Installing Metasploit on Linux / macOS
The following script invocation will import the Rapid7 signing key and setup the package for supported Linux and macOS systems:
curl https://raw.githubusercontent.com/rapid7/metasploit-omnibus/master/config/templates/metasploit-framework-wrappers/msfupdate.erb > msfinstall && \
chmod 755 msfinstall && \
./msfinstall
Once installed, you can launch msfconsole as /opt/metasploit-framework/bin/msfconsole
from a terminal window, or depending on your environment, it may already be in your path and you can just run it directly. On first run, a series of prompts will help you setup a database and add Metasploit to your local PATH if it is not already.

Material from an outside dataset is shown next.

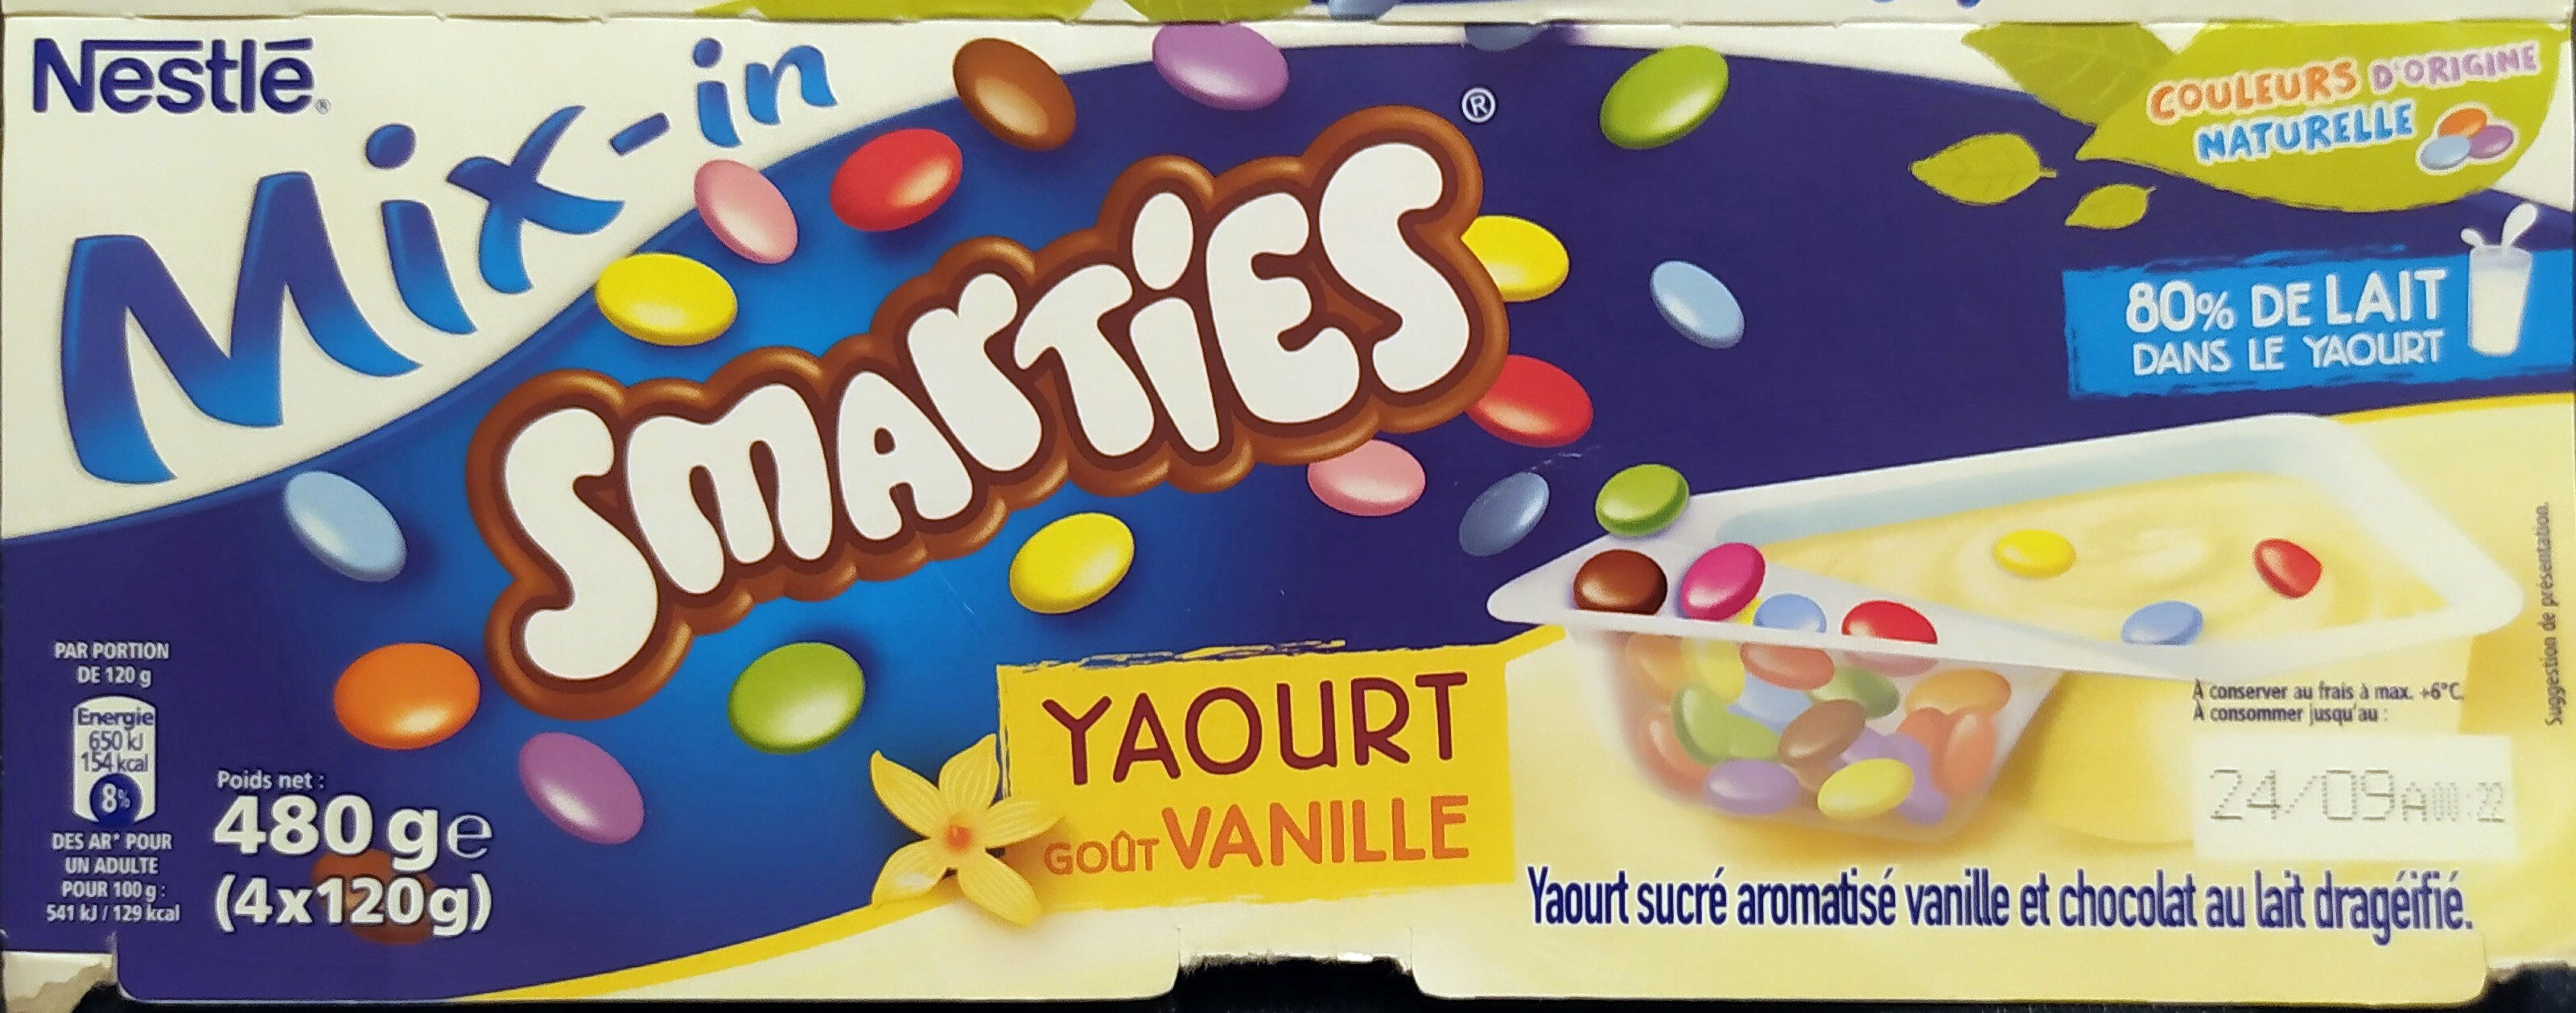 Nestlé Smarties yaourt à la vanille 4 x 120 g - Product - fr

These packages integrate into your package manager and can be updated with the msfupdate
command, or with your package manager. On first start, these packages will automatically setup the database or use your existing database.
Linux manual installation
Linux packages are built nightly for .deb (i386, amd64, armhf, arm64) and .rpm (64-bit x86) systems. Debian/Ubuntu packages are available at https://apt.metasploit.com and CentOS/Redhat/Fedora packages are located at https://rpm.metasploit.com.
macOS manual installation
The latest OS X installer package can also be downloaded directly here: https://osx.metasploit.com/metasploitframework-latest.pkg, with the last 8 builds archived at https://osx.metasploit.com/. Simply download and launch the installer to install Metasploit Framework with all of its dependencies.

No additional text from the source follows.